Das Boot: bataille de l’Atlantique et guerre totale sur Starzplay

Publié le par Le Figaro par Constance Jamet

CRITIQUE - Dans la saison 2 de la série allemande événement, les convictions et les loyautés des soldats du Reich se fracturent toujours plus. Décryptage avec une de ses vedettes, le comédien francophile Stefan Konarske .

Wrangel (Stefan Konarske) a une mission délicate: poursuivre un sous-marin dont la fidélité au IIIe Reich fait doute. Stephan Rabold/Starzplay

Wrangel (Stefan Konarske) a une mission délicate: poursuivre un sous-marin dont la fidélité au IIIe Reich fait doute. Stephan Rabold/Starzplay

Téméraire de s’attaquer à un classique du film de guerre et de sous-marin. Avec sa première saison polyglotte où brillait la comédienne luxembourgeoise et révélation de Phantom Thread Vicky Krieps, la série événement allemande Das Boot nous avait bluffés l’été passé. Du huis clos cinématographique de Wolfgang Petersen, elle gardait le quotidien d’un U-Boot en mission, en pleine escalade de la bataille de l’Atlantique, et élargissait son focus sur les destins des soldats nazis stationnés dans le port de La Rochelle occupée.

Sur terre, comme sur mer, les compromis, les désillusions, les tentations, l’attentisme sont le lot de tous: des civils aux bas gradés en passant par les huiles de la Gestapo. Un officier radio se découvrait père d’une petite fille née d’une liaison avec une jeune juive ; sa sœur, secrétaire du SS en charge de la ville de Charente-Maritime, s’éprenait d’une résistante ; un commandant de sous-marin trop prudent était victime de la mutinerie de ses hommes.

Somptueux et épique

Aussi ambigu et minutieux qu’Un village français, Das Boot continue de débattre dans sa seconde saison des liens toxiques entre patriotisme et endoctrinement nazi. Somptueux et épiques, ces huit nouveaux épisodes, à découvrir sur la plateforme SVOD StarzPlay, interdisent de se reposer sur ses lauriers. Dès le premier, un des personnages clés commet un faux pas létal. D’autres sortent de l’ombre, comme le commandant de U-Boot Ulrich Wrangel. «Il m’a fallu du temps pour arriver à faire le lien entre les saisons», avoue au Figaro son interprète, le francophile Stefan Konarske (Le Jeune Karl Marx). «Observateur et mutique qui restait souvent allongé dans sa cabine, il devient central et donneur d’ordres et va aller de plus en plus loin dans son duel et sa folie», décrypte le comédien, qui garde un souvenir impressionné du tournage de cinq mois entre Munich, La Rochelle, Manchester, Liverpool, Prague et Malte. Quatre morceaux de sous-marin ont été reconstitués sur les plateaux en République tchèque. À Malte, une piscine à débordement a permis de recréer vagues et vents pour les scènes en extérieur. Wrangel a une mission délicate: poursuivre un sous-marin dont la fidélité au IIIe Reich fait doute.

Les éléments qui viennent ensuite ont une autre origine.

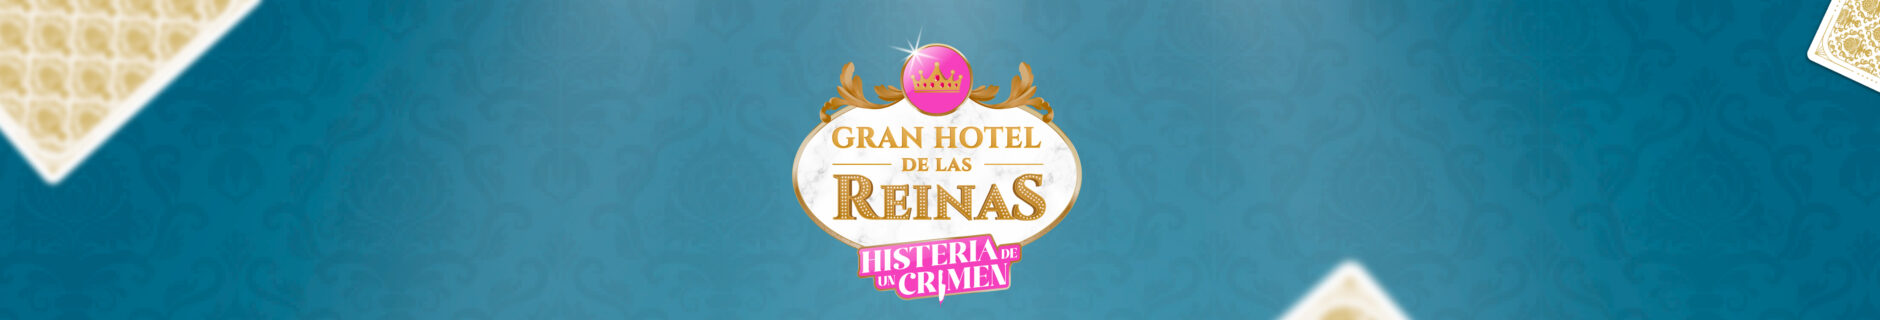 GRAN HOTEL DE LAS REINAS - HISTERIA DE UN CRIMEN 1

Plus âpre, plus sombre, plus spectaculaire… Das Boot s’enfonce en cet hiver 1942 dans une bataille navale et une guerre totale sans merci. Sur les flots, toutes les manœuvres sont permises. À La Rochelle, la Gestapo poursuit ses traques et interrogatoires. Cette saison suit aussi des sympathisants hitlériens jouant les agitateurs à New York et troublés par les sirènes du rêve américain. D’où l’impression parfois de suivre trois séries différentes. Mais Das Boot n’oublie jamais de regarder cette Seconde Guerre mondiale à hauteur d’hommes. «Je n’ai pas voulu jouer Wrangel comme un méchant pur et simple», note Stefan Konarske . «Pour en arriver à ce degré d’aveuglement, il est forcément passé par de nombreuses étapes, rencontres et événements qui l’ont forgé pour le pire»

L’héritage du conflit est encore prégnant. «Je viens d’une famille où l’on parle peu de cette période. Ma grand-mère, très timide, n’a jamais évoqué cette période. Je me suis demandé ce qui s’était passé», relève Stefan Konarske . Et de raconter: «C’est en déménageant, en 1997, en France où j’ai passé mon baccalauréat que j’ai été confronté avec la responsabilité d’être allemand. J’étais dans un village de la Somme, avec lequel la commune où j’habitais outre-Rhin était jumelée. Ma venue a paniqué une vieille dame qui s’est enfermée chez elle et disait: ‘Je ne veux pas que les Allemands soient de retour».